Work order -
Below this line are records; write out exactly the lines from the one containing "Modernes Wohnhaus mit" through the one containing "Accessori donna Love", with the pictures left out.

Recorded data -
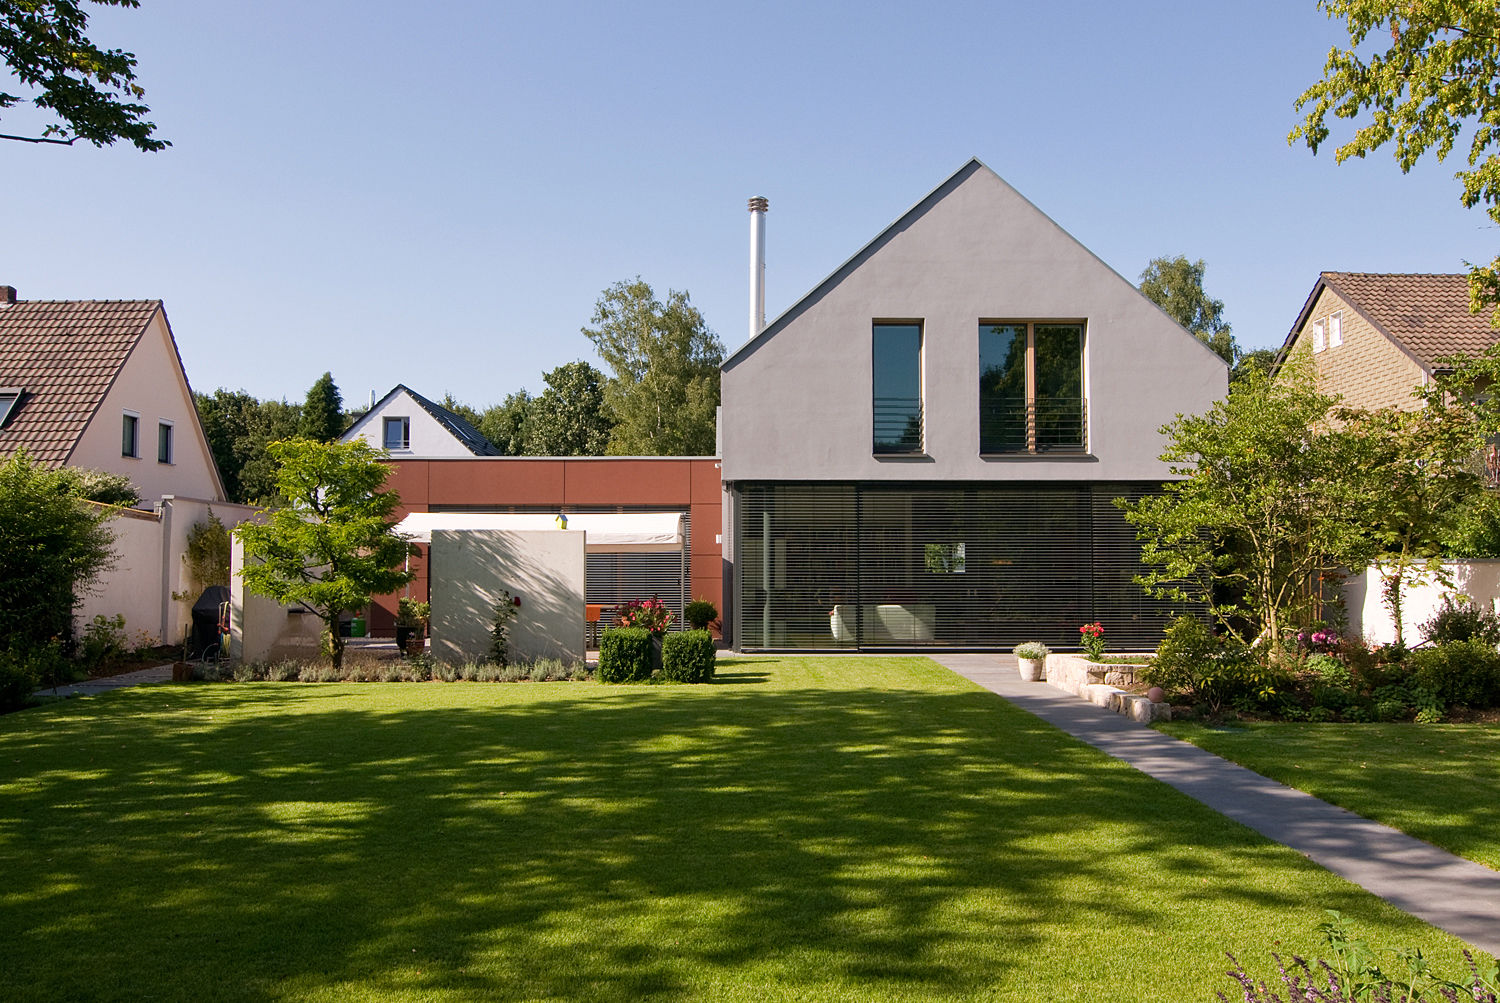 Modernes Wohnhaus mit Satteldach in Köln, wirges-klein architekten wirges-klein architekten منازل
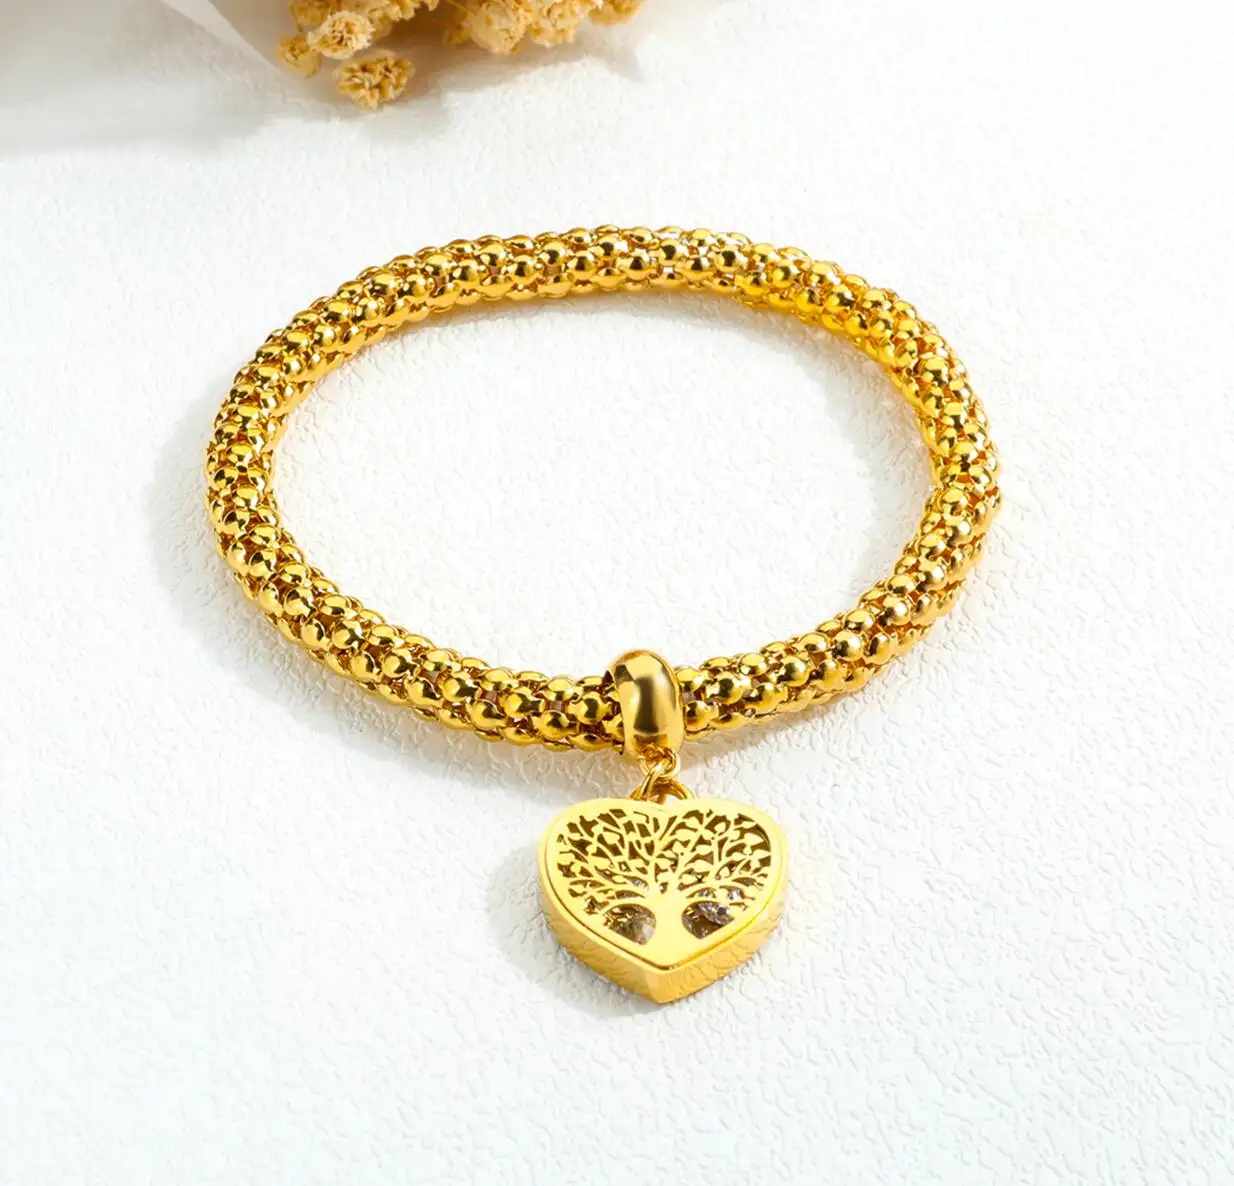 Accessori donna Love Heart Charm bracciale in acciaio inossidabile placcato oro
--
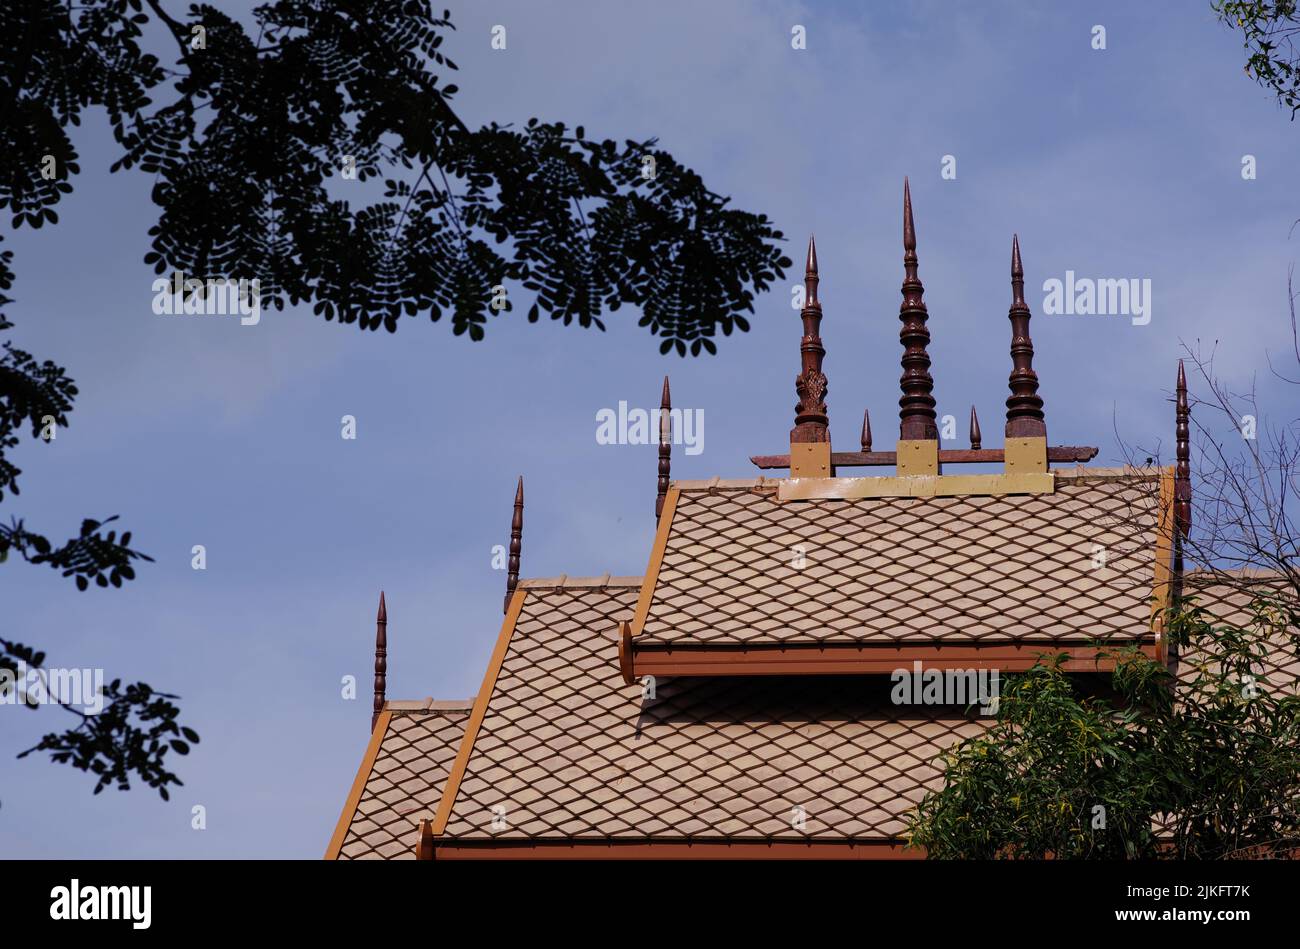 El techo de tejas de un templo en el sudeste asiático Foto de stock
==
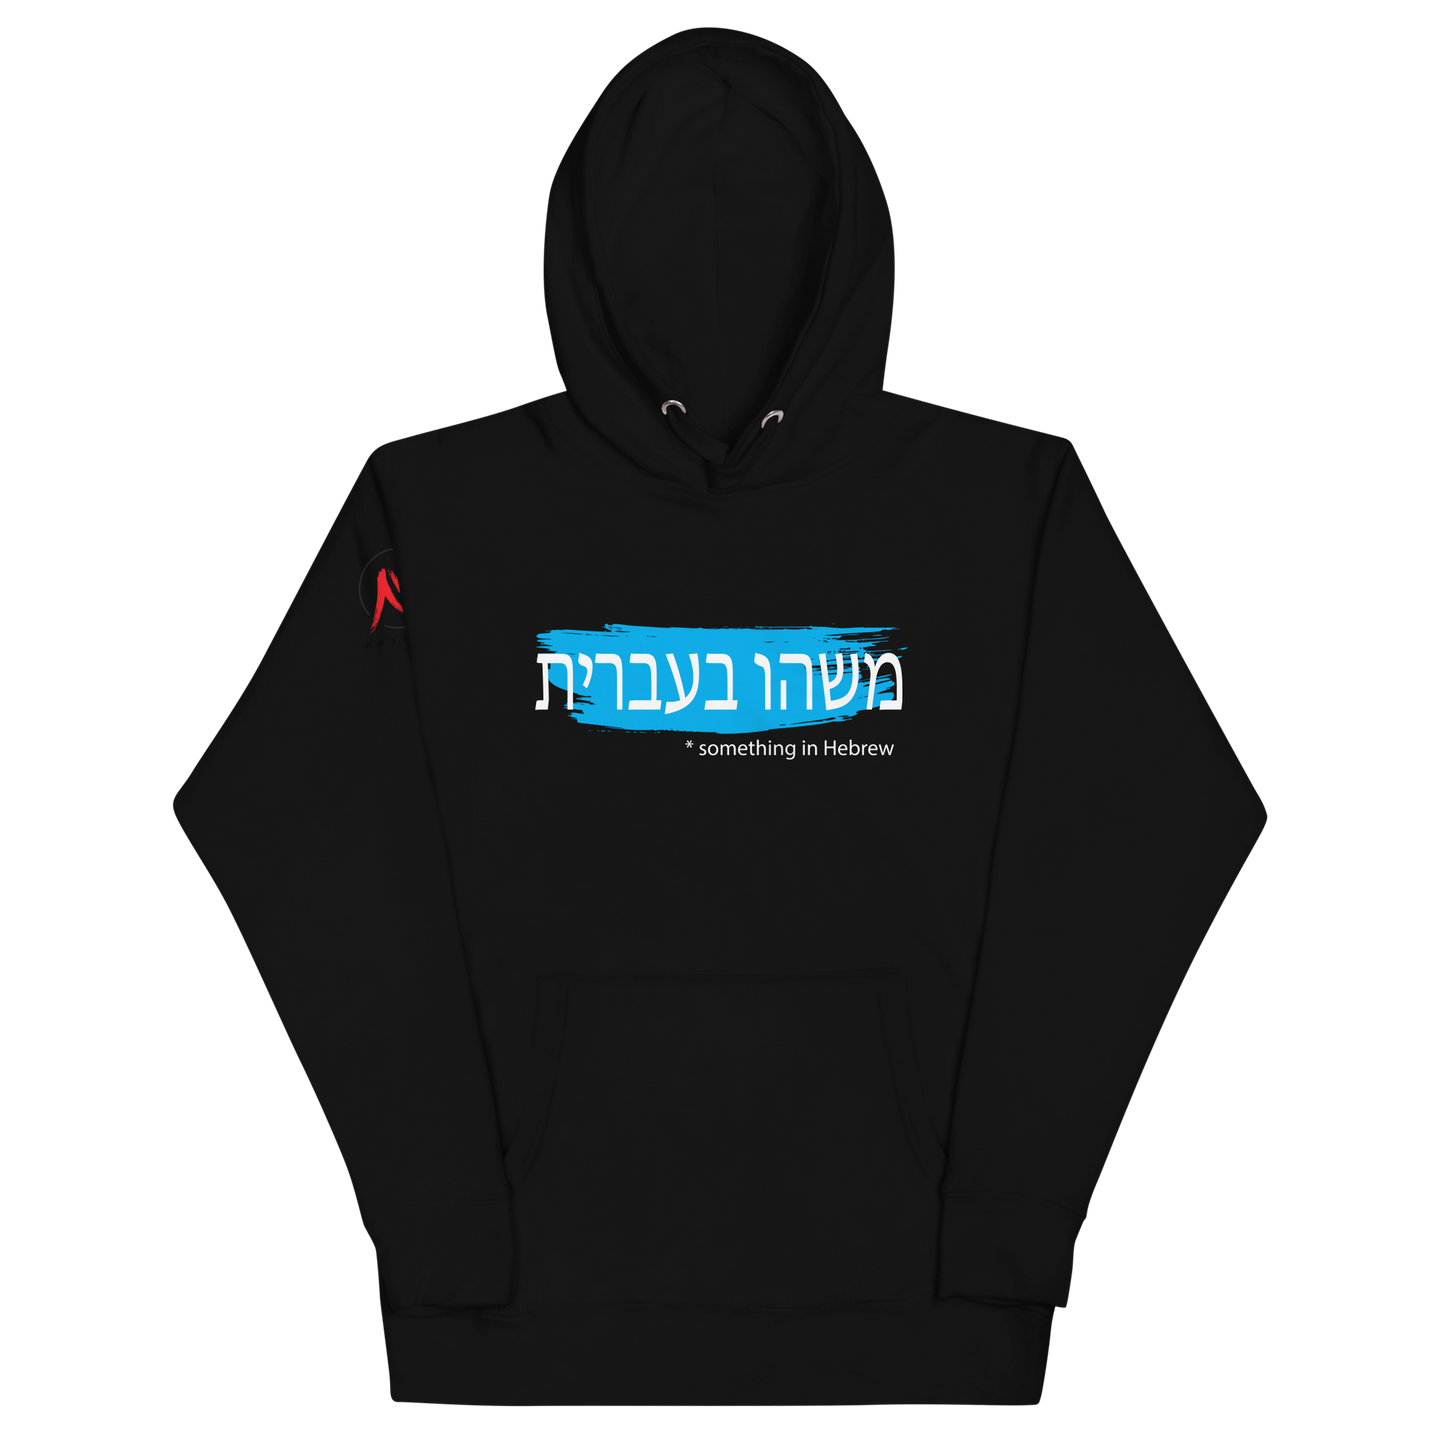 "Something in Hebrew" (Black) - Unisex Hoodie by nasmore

Result of the task -
 Modernes Wohnhaus mit Satteldach in Köln, wirges-klein architekten wirges-klein architekten منازل
 Accessori donna Love Heart Charm bracciale in acciaio inossidabile placcato oro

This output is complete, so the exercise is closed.